What this task involves: Skip the pictures. Retype exactly, and only, the lines between the line holding "bankruptcy HIPAA fine" and the last line below, inclusive.

Data:
——

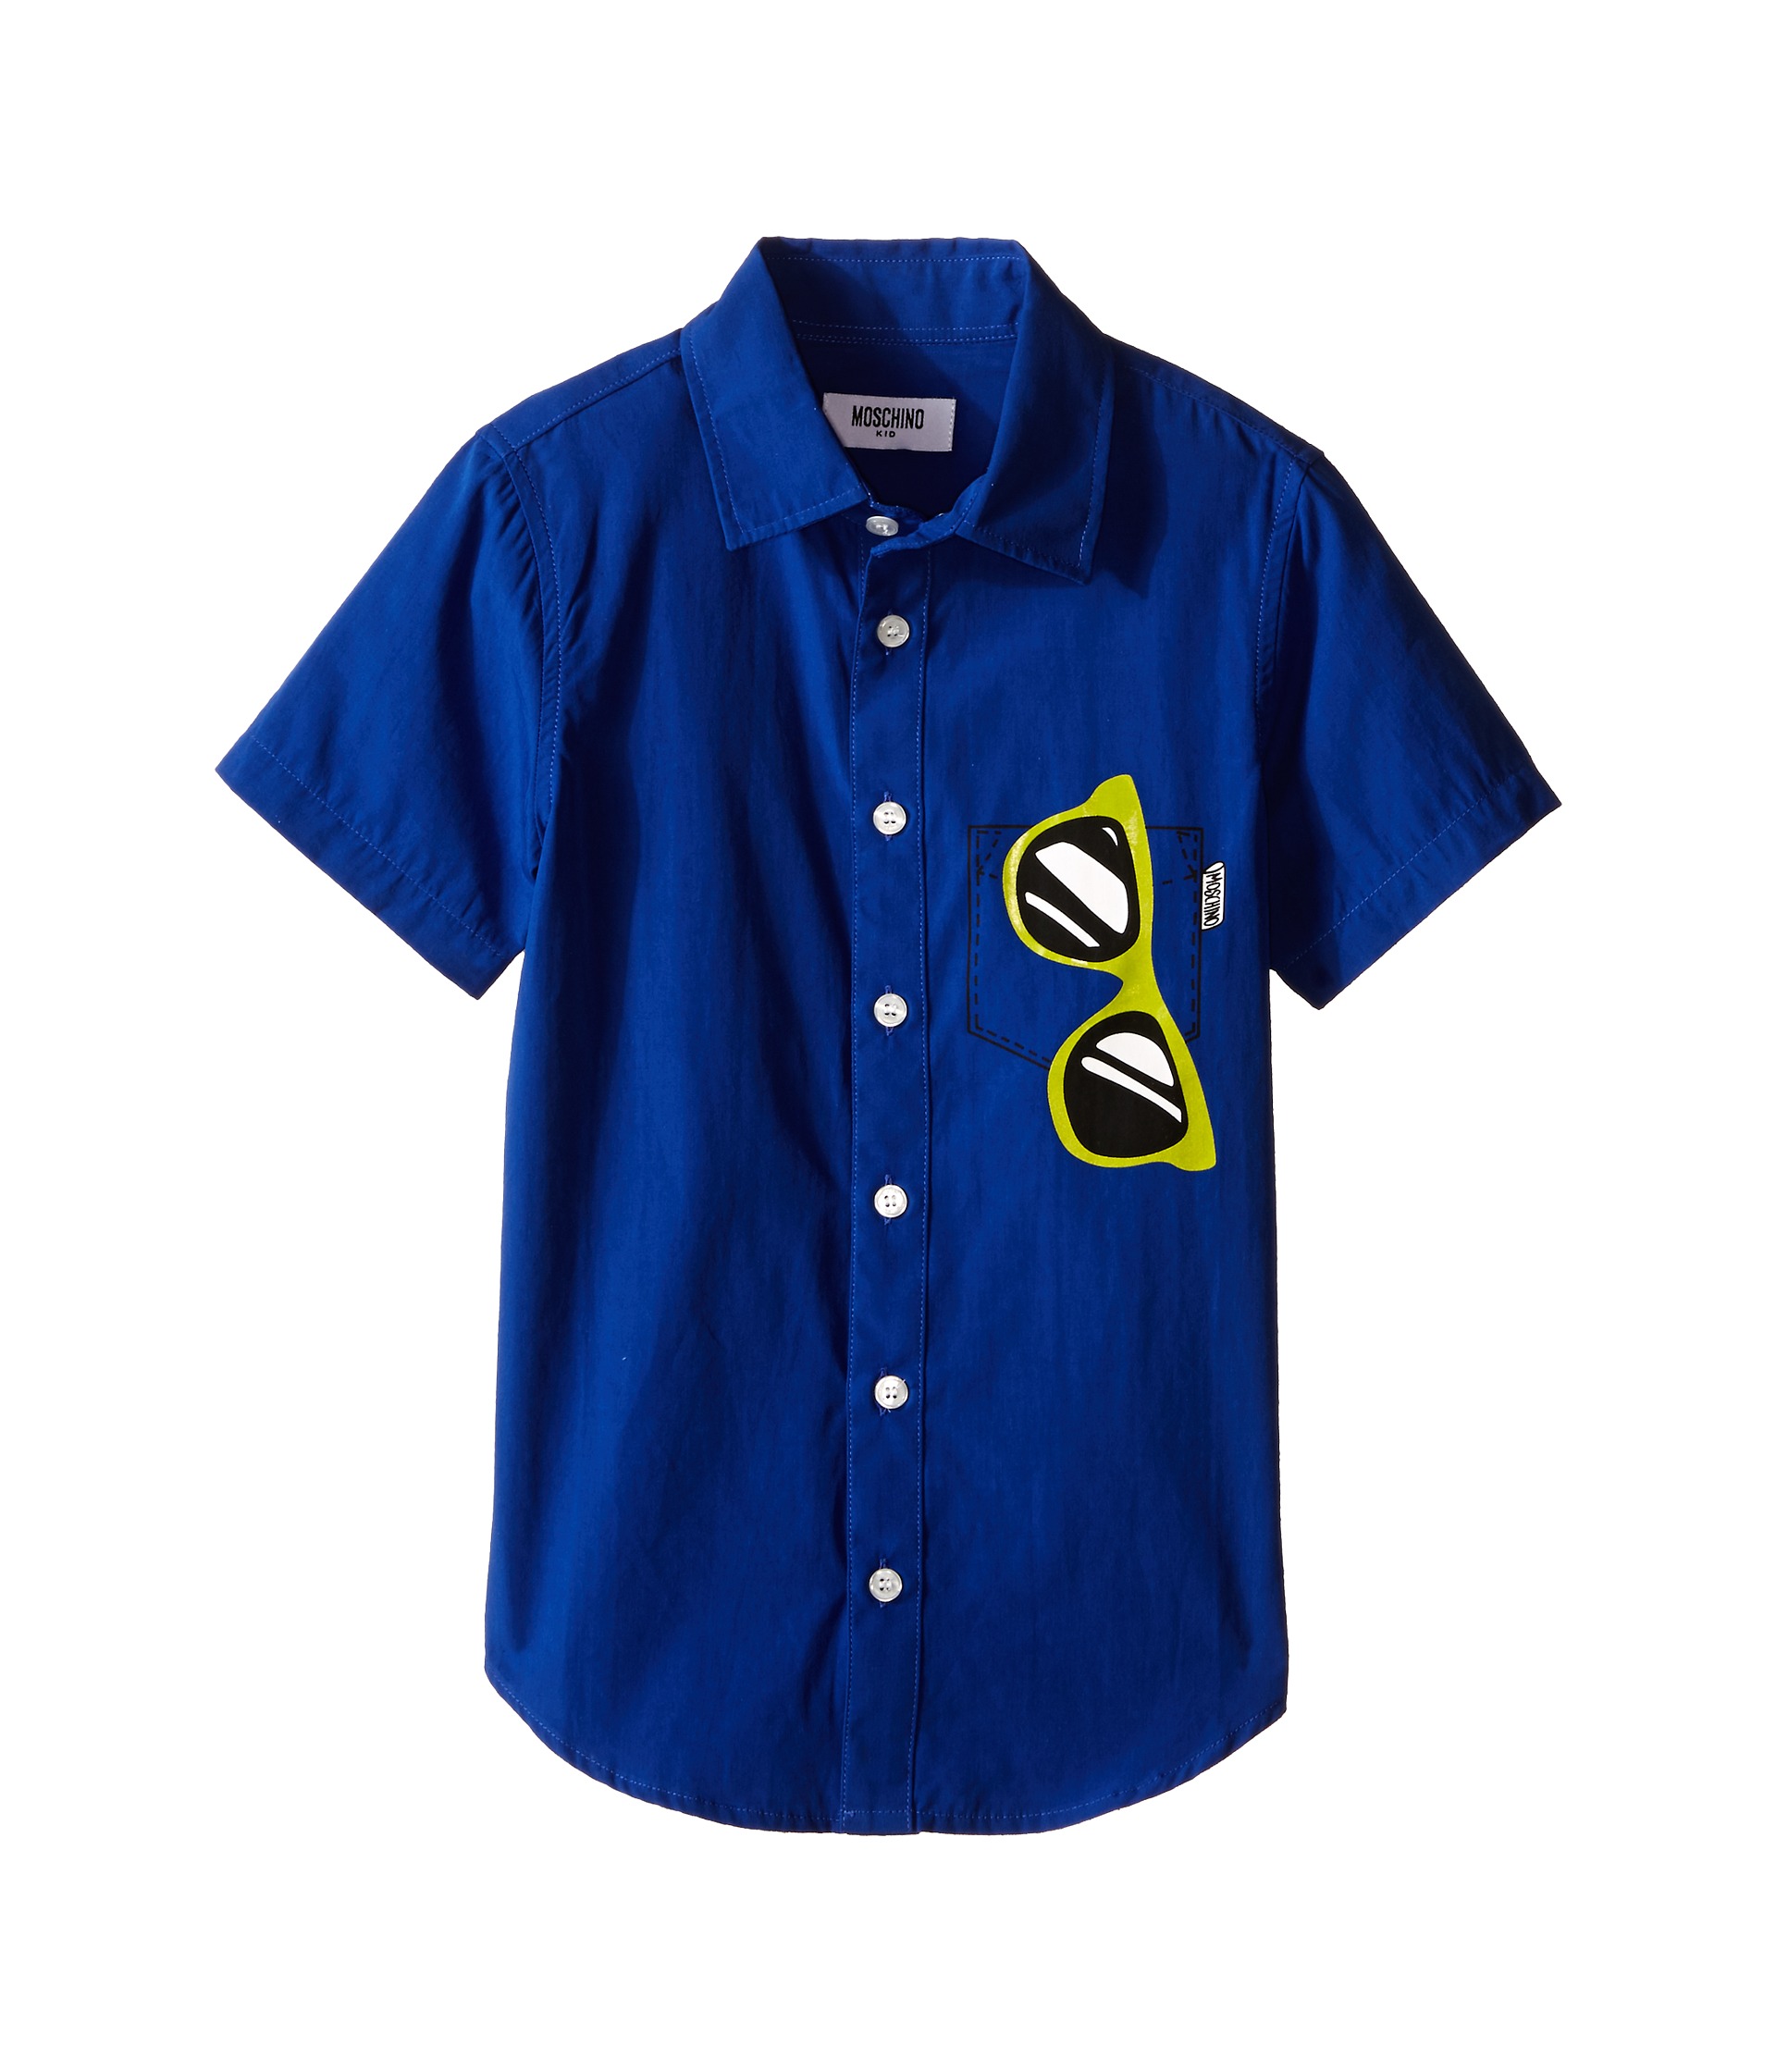 Moschino Kids Short Sleeve Button Up Shirt w/ Sunglasses Graphic ...
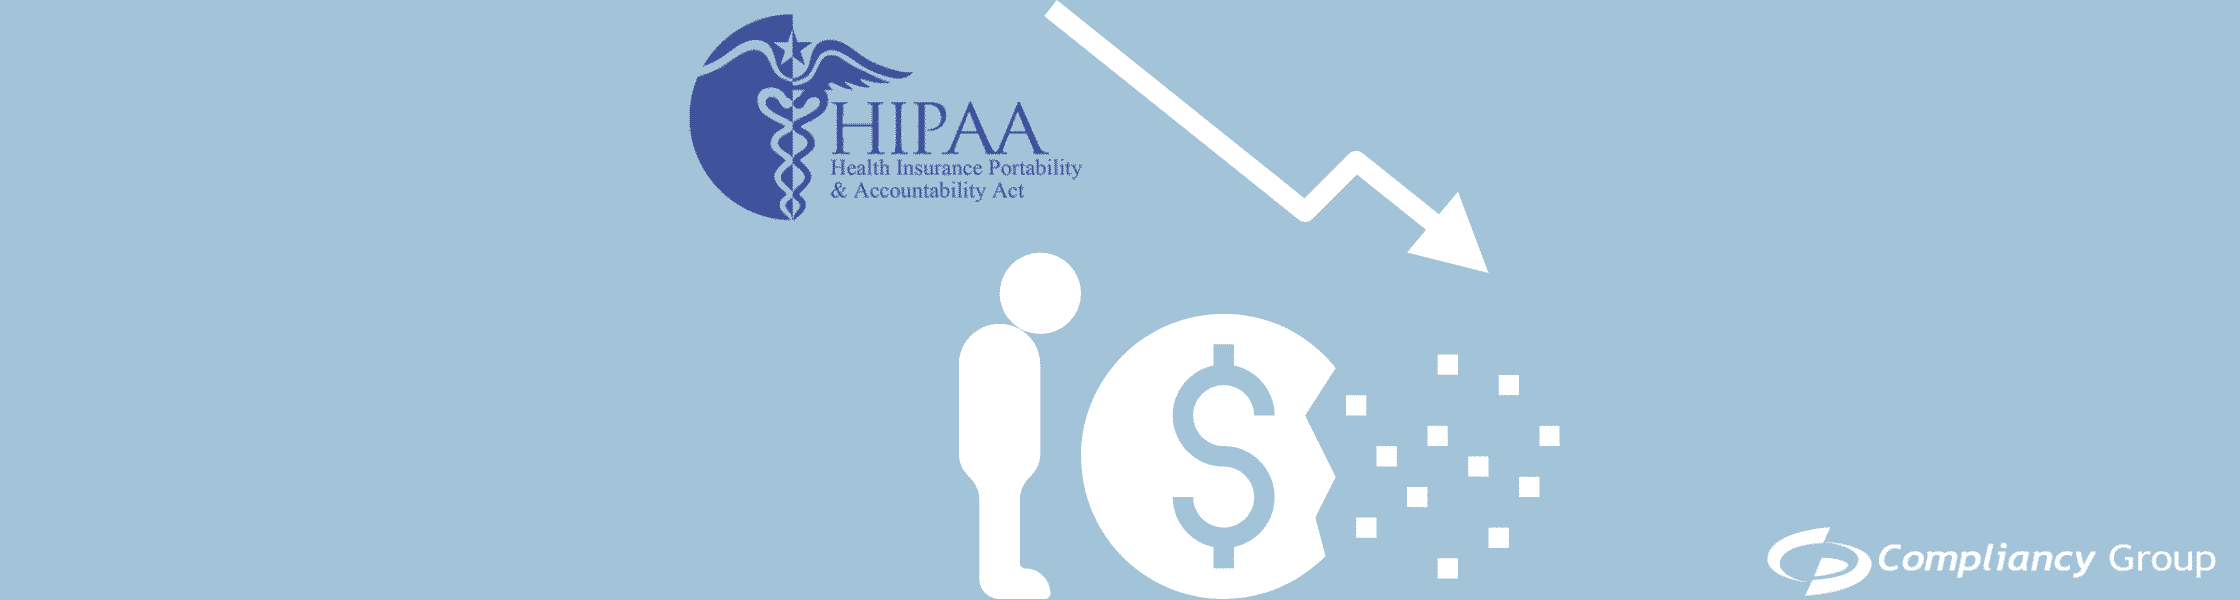 bankruptcy HIPAA fine
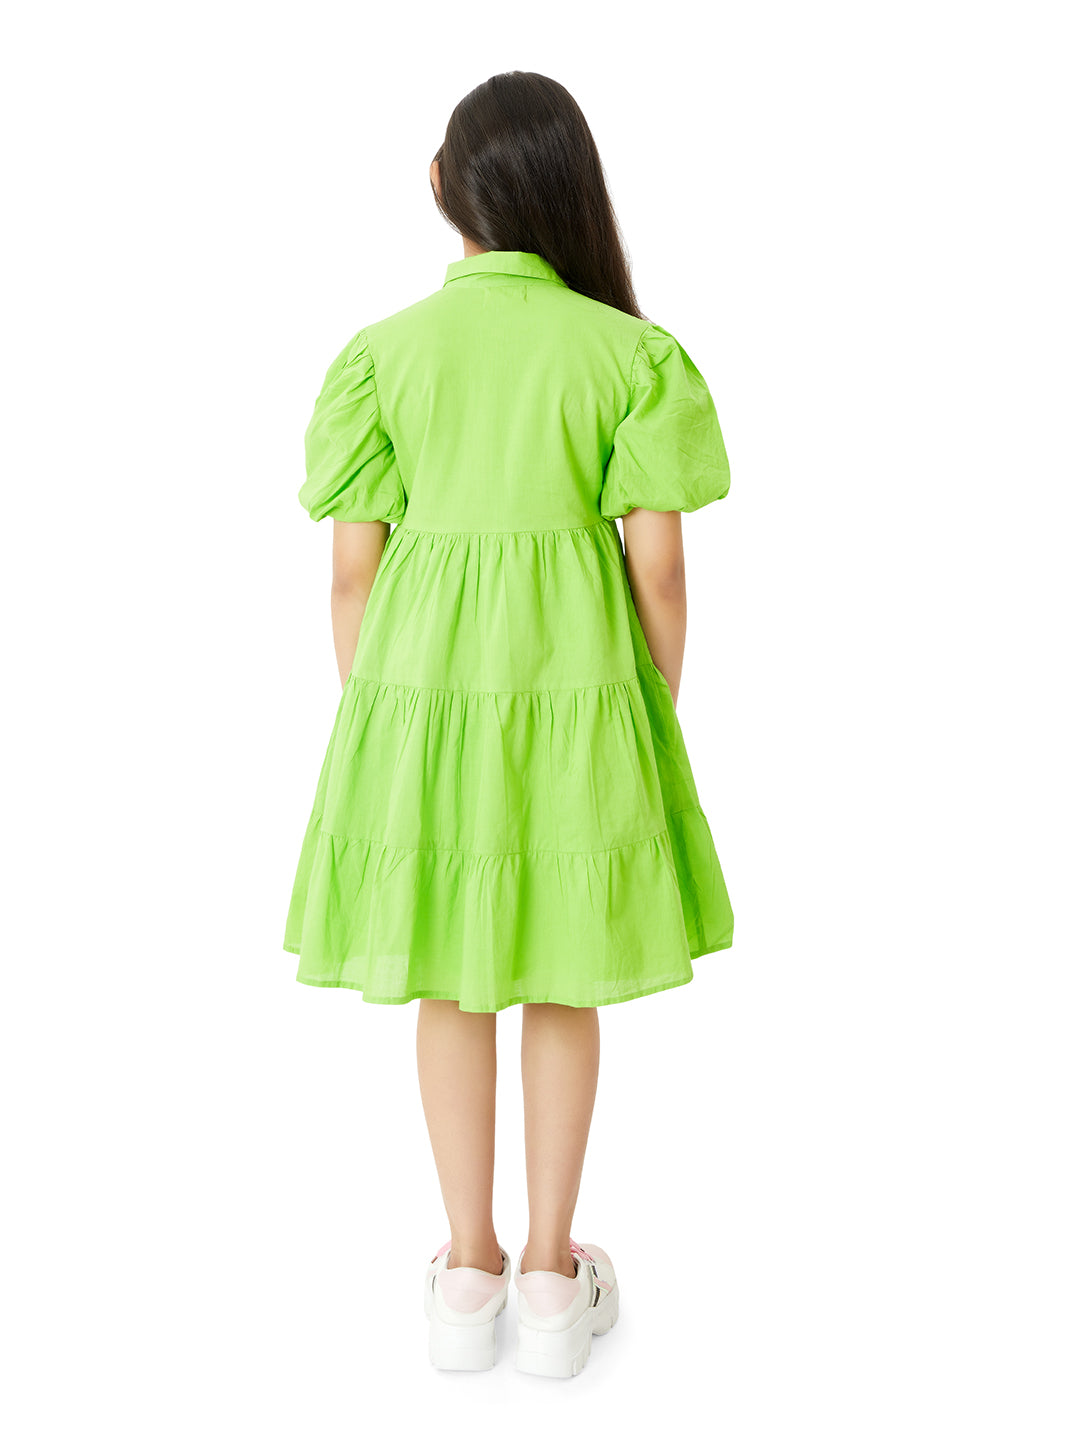 Back View of Girls Green Cotton Dress
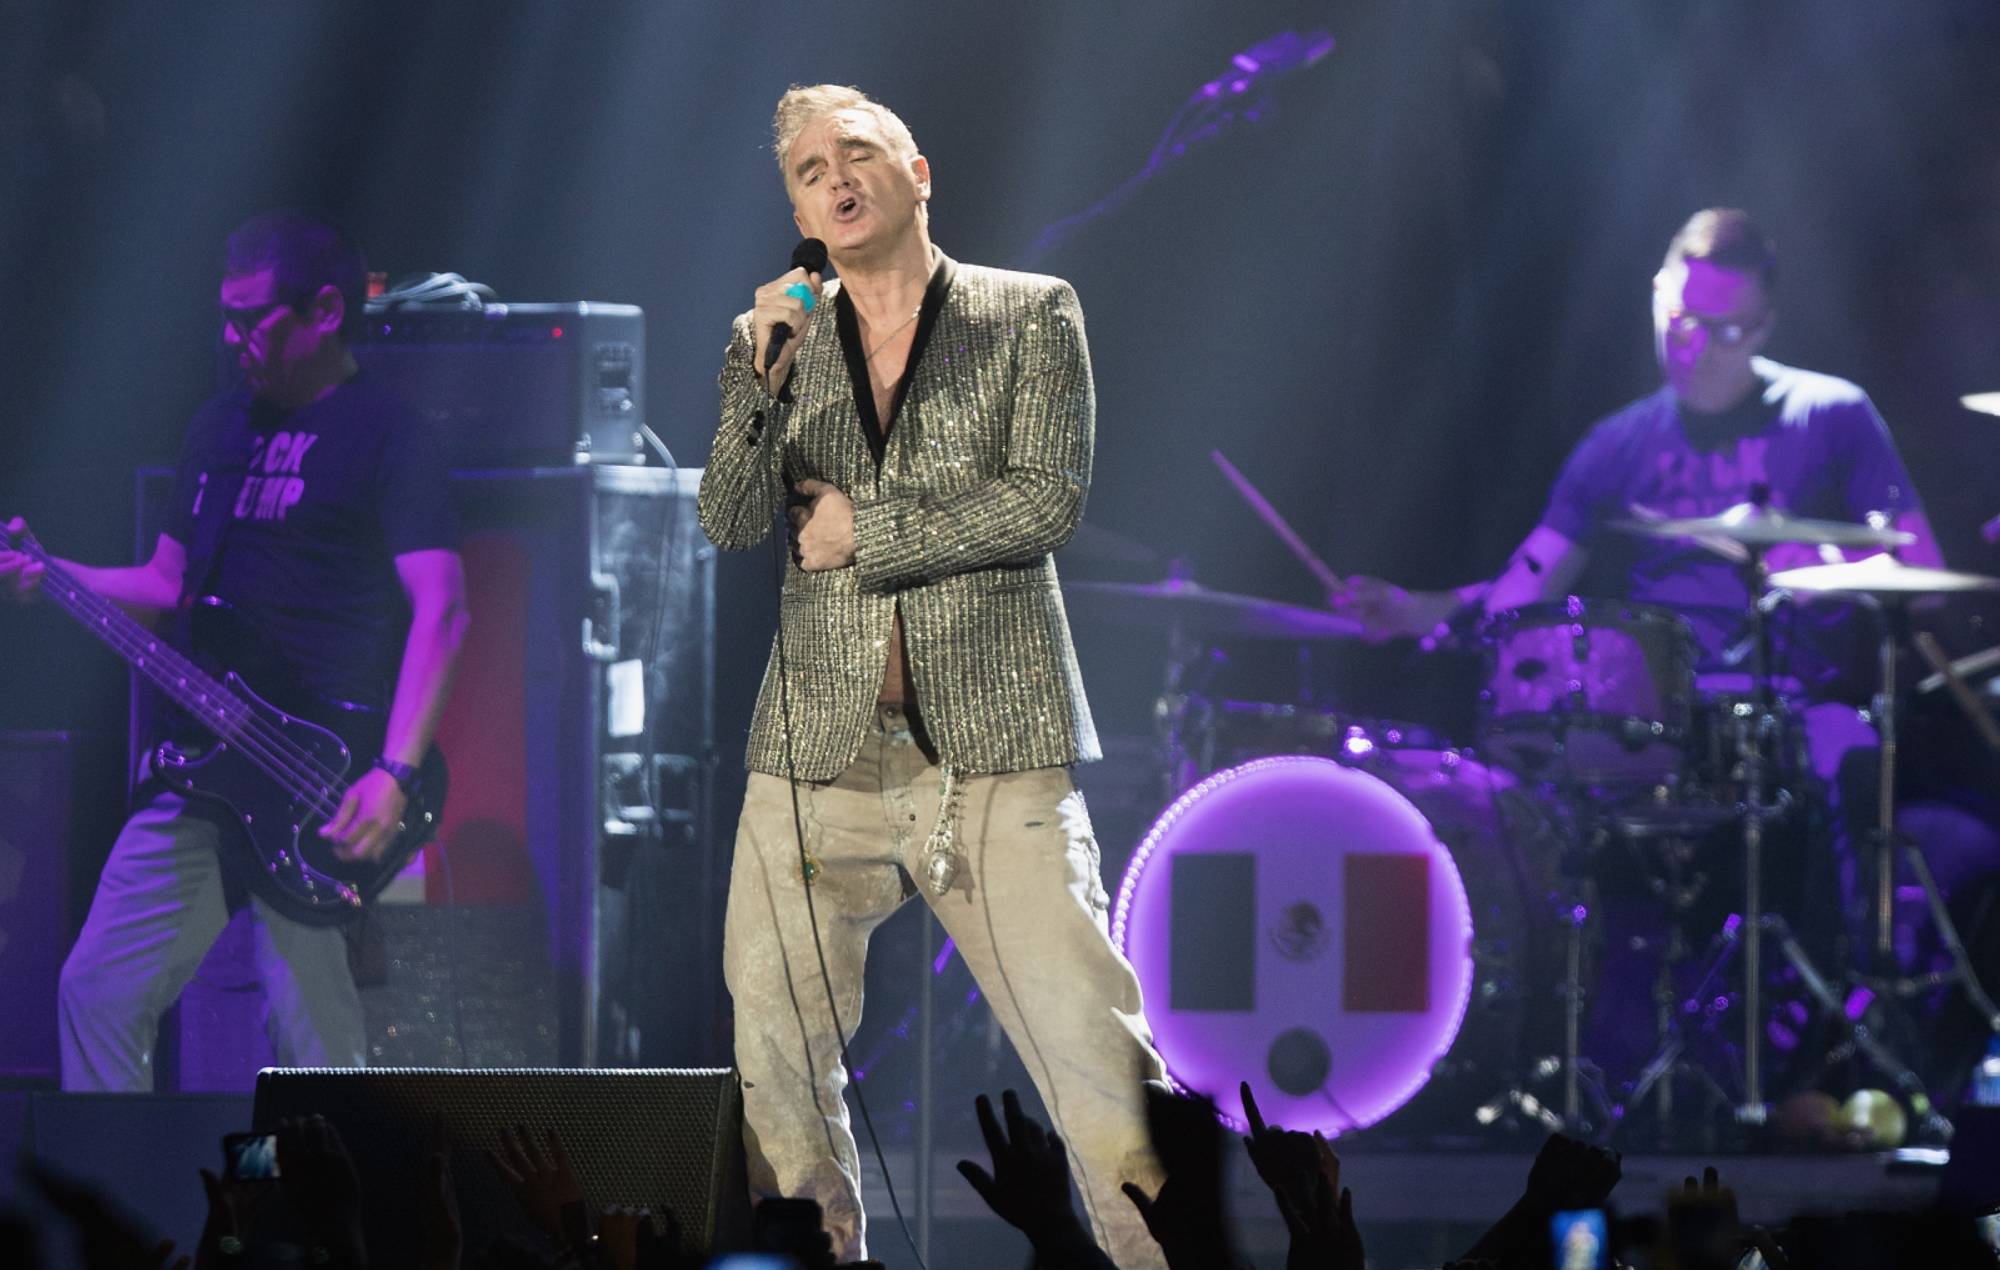 Singer Morrissey performs onstage at Palacio de Los Deportes on March 31, 2017 in Mexico City, Mexico. (Photo by Victor Chavez/WireImage)

——

Answer section:
 bankruptcy HIPAA fine
 Back View of Girls Green Cotton Dress
 Singer Morrissey performs onstage at Palacio de Los Deportes on March 31, 2017 in Mexico City, Mexico. (Photo by Victor Chavez/WireImage)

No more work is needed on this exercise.